If any of these terms and Conditions or any provisions of a Contract are determined by any competent authority to be invalid, unlawful or unenforceable to any extent, such term, condition or provision will to that extent be severed from the remaining terms, conditions and provisions which will continue to be valid to the fullest extent permitted by law.
15. Entire agreement
15.1 These terms and conditions and any document expressly referred to in them represent the entire agreement between us in relation to the subject matter of any Contract and supersede any prior agreement, understanding or arrangement between us, whether oral or in writing.
15.2 We each acknowledge that, in entering into a Contract, neither of us has relied on any representation, undertaking or promise given by the other or be implied from anything said or written in negotiations between us prior to such Contract except as expressly stated in these terms and conditions.
15.3 Neither of us shall have any remedy in respect of any untrue statement made by the other, whether orally or in writing, prior to the date of any Contract (unless such untrue statement was made fraudulently) and the other party’s only remedy shall be for breach of contract as provided in these terms and conditions.
16. Our right to vary these terms and conditions
16.1 We have the right to revise and amend these terms and conditions from time to time.

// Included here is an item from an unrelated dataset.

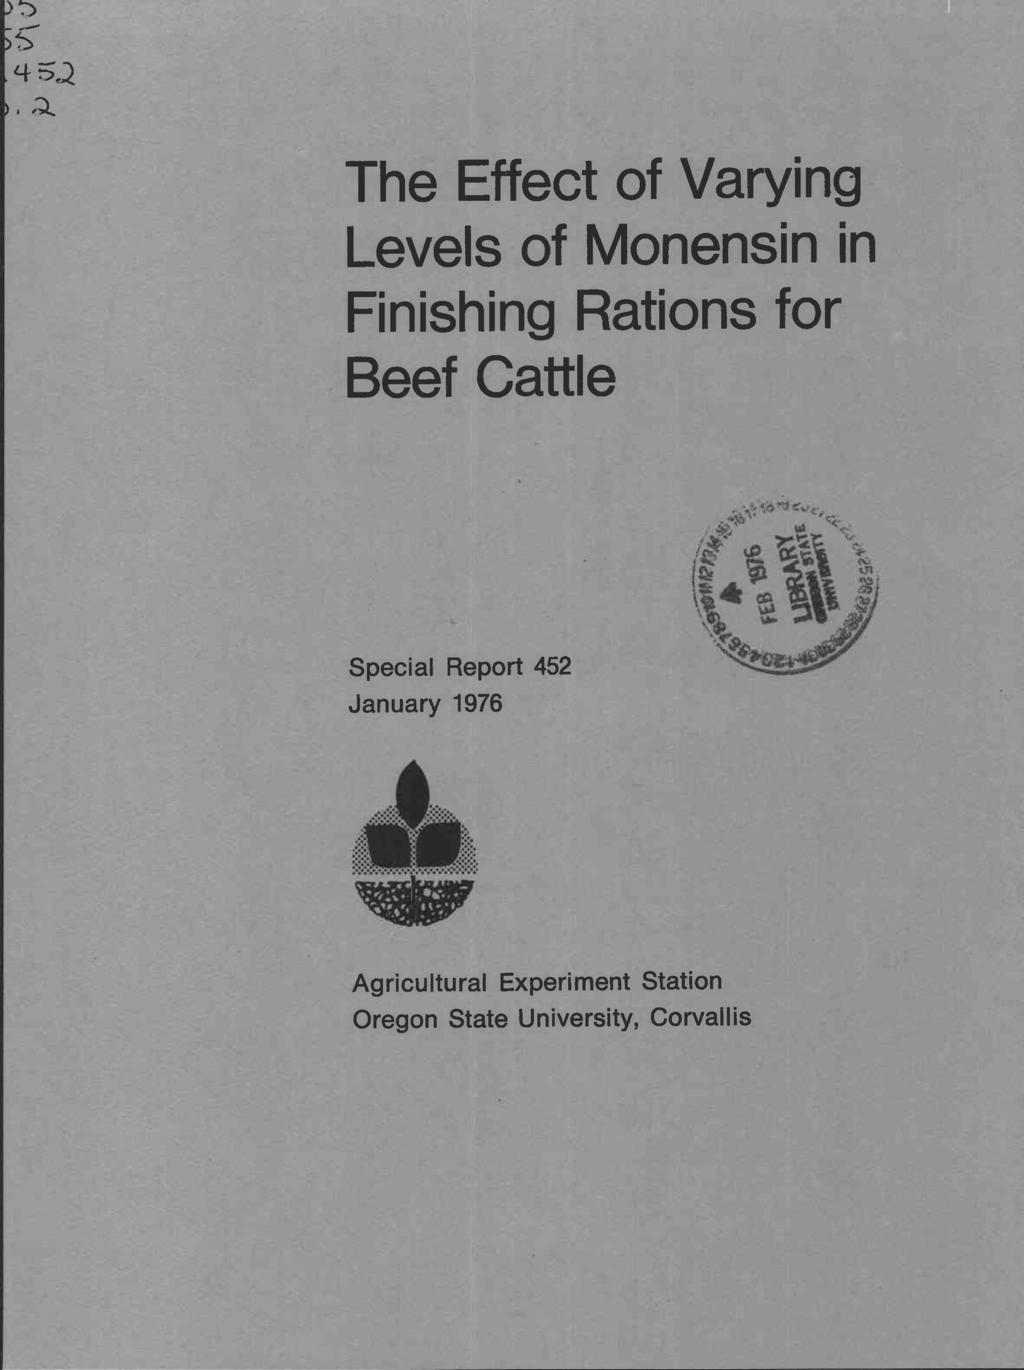 The Effect of Varying Levels of Monensin in Finishing Rations for Beef Cattle Special

16.2 You will be subject to the policies and terms and conditions in force at the time that you order Courses from us, unless any change to those policies or these terms and conditions is required to be made by law or governmental authority (in which case it will apply to orders previously placed by you), or if we notify you of the change to those policies or these terms and conditions before we send you the Download Confirmation (in which case we have the right to assume that you have accepted the change to the terms and conditions, unless you notify us to the contrary within seven working days of receipt by you of the Course).
17. Law and jurisdiction
Contracts for the purchase of Courses through our site and any dispute or claim arising out of or in connection with them or their subject matter or formation (including non-contractual disputes or claims) will be governed by English law. Any dispute or claim arising out of or in connection with such Contracts or their formation (including non-contractual disputes or claims) shall be subject to the exclusive jurisdiction of the courts of England and Wales.